Dask scheduler empty / graph not showing

问题

I have a setup as follows:

# etl.py
from dask.distributed import Client
import dask
from tasks import task1, task2, task3

def runall(**kwargs):
    print("done")


def etl():
    client = Client()

    tasks = {}
    tasks['task1'] = dask.delayed(task)(*args)
    tasks['task2'] = dask.delayed(task)(*args)
    tasks['task3'] = dask.delayed(task)(*args)

     out = dask.delayed(runall)(**tasks)
     out.compute()

This logic was borrowed from luigi and works nicely with if statements to control what tasks to run.

However, some of the tasks load large amounts of data from SQL and cause GIL freeze warnings (At least this is my suspicion as it is hard to diagnose what line exactly causes the issue). Sometimes the graph / monitoring shown on 8787 does not show anything just scheduler empty, I suspect these are caused by the app freezing dask. What is the best way to load large amounts of data from SQL in dask. (MSSQL and oracle). At the moment this is doen with sqlalchemy with tuned settings. Would adding async and await help?

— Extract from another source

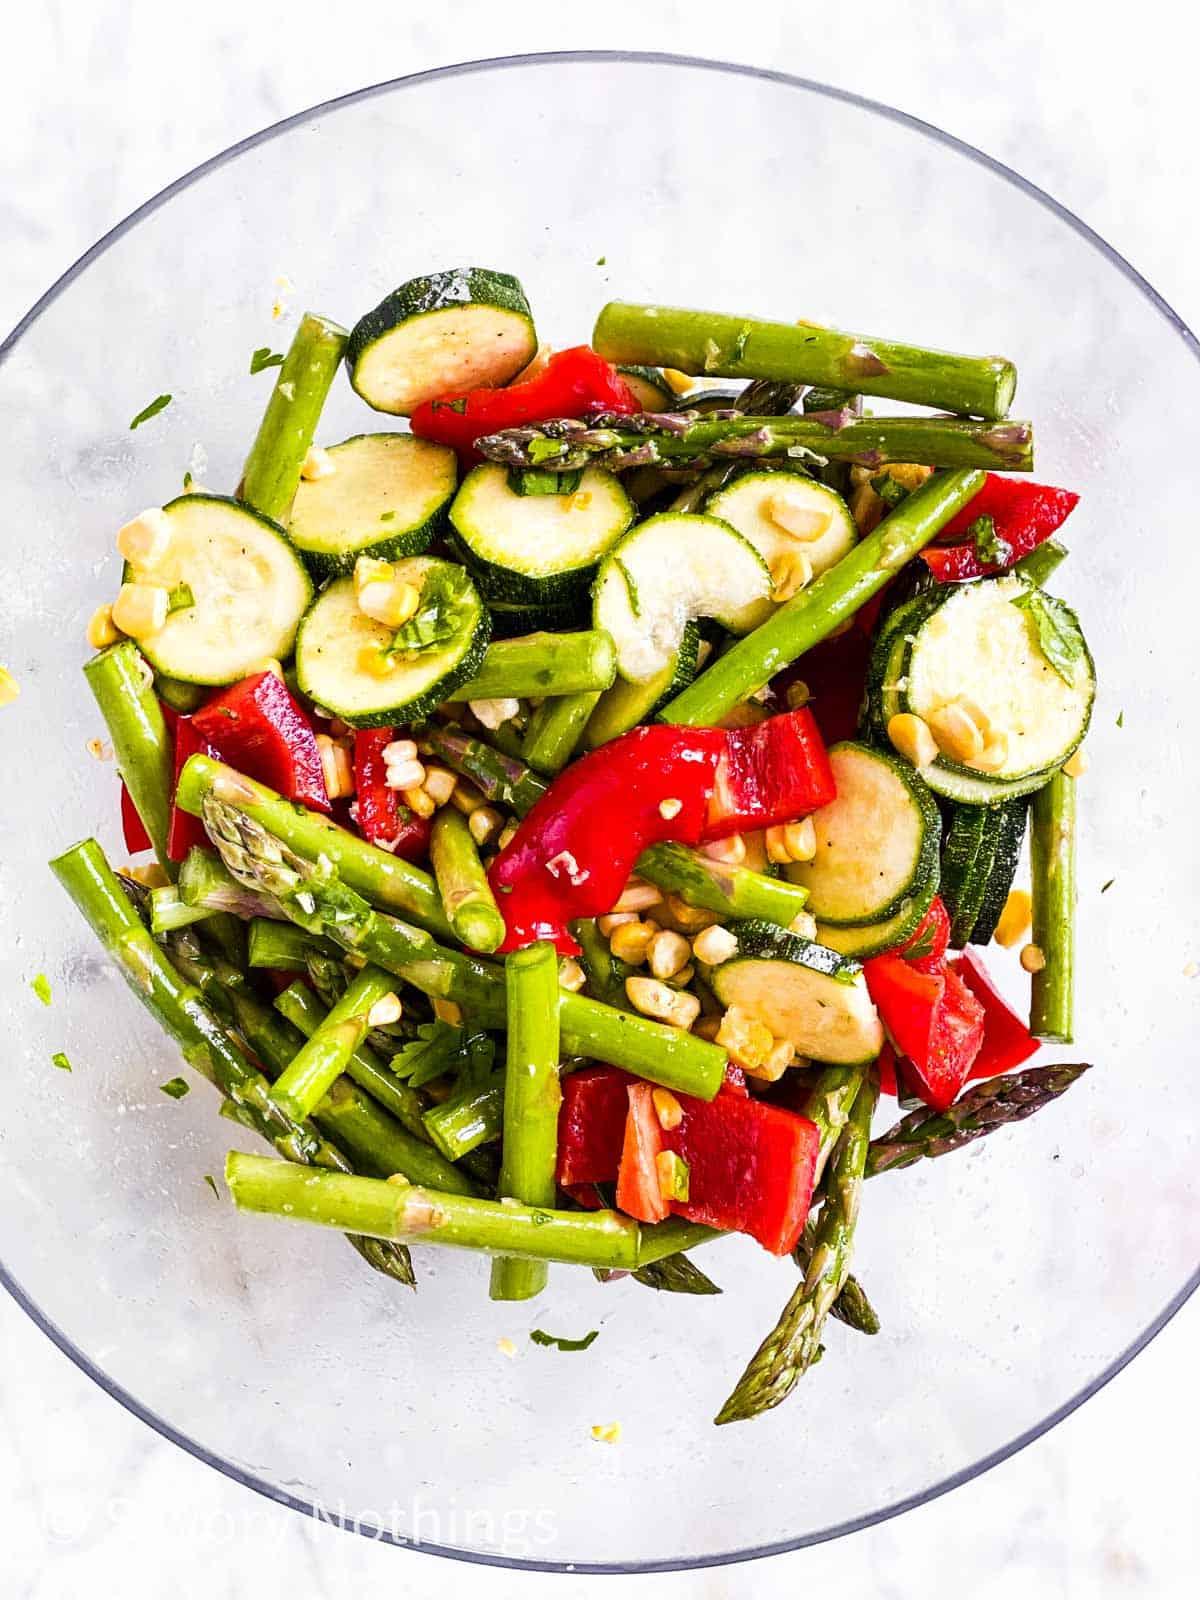 seasoned vegetables in glass bowl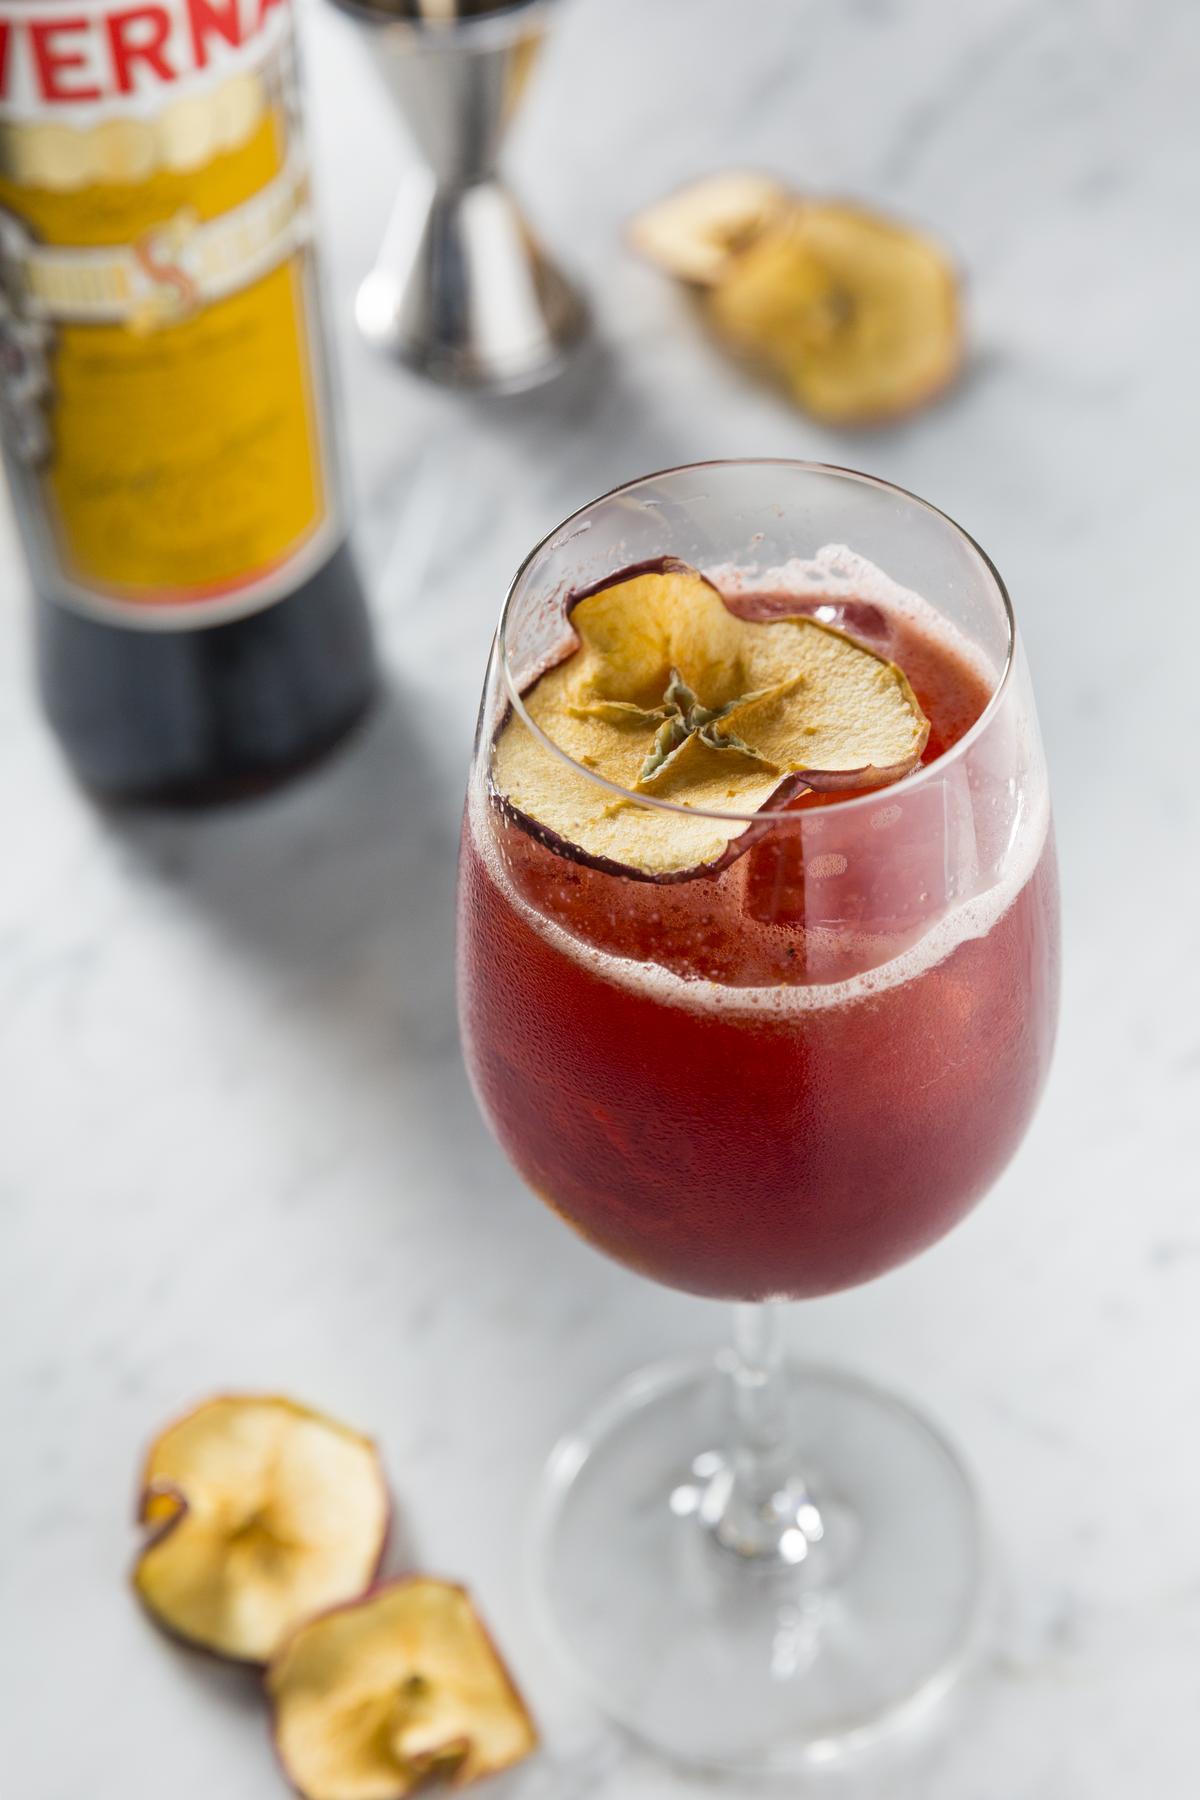 有著植物調性的「AVERNA」與「Prosecco」氣泡白酒、蘇打水、蘋果白蘭地、自製藍莓糖漿,調出帶莓果香氣的「樹果Spritz」。(250元/杯)

However, some of tasks are a bit slow and I'd like to use stuff like dask.dataframe or bag internally. The docs advise against calling delayed inside delayed. Does this also hold for dataframe and bag. The entire script is run on a single 40 core machine.

Using bag.starmap I get a graph like this:

where the upper straight lines are added/ discovered once the computation reaches that task and compute is called inside it.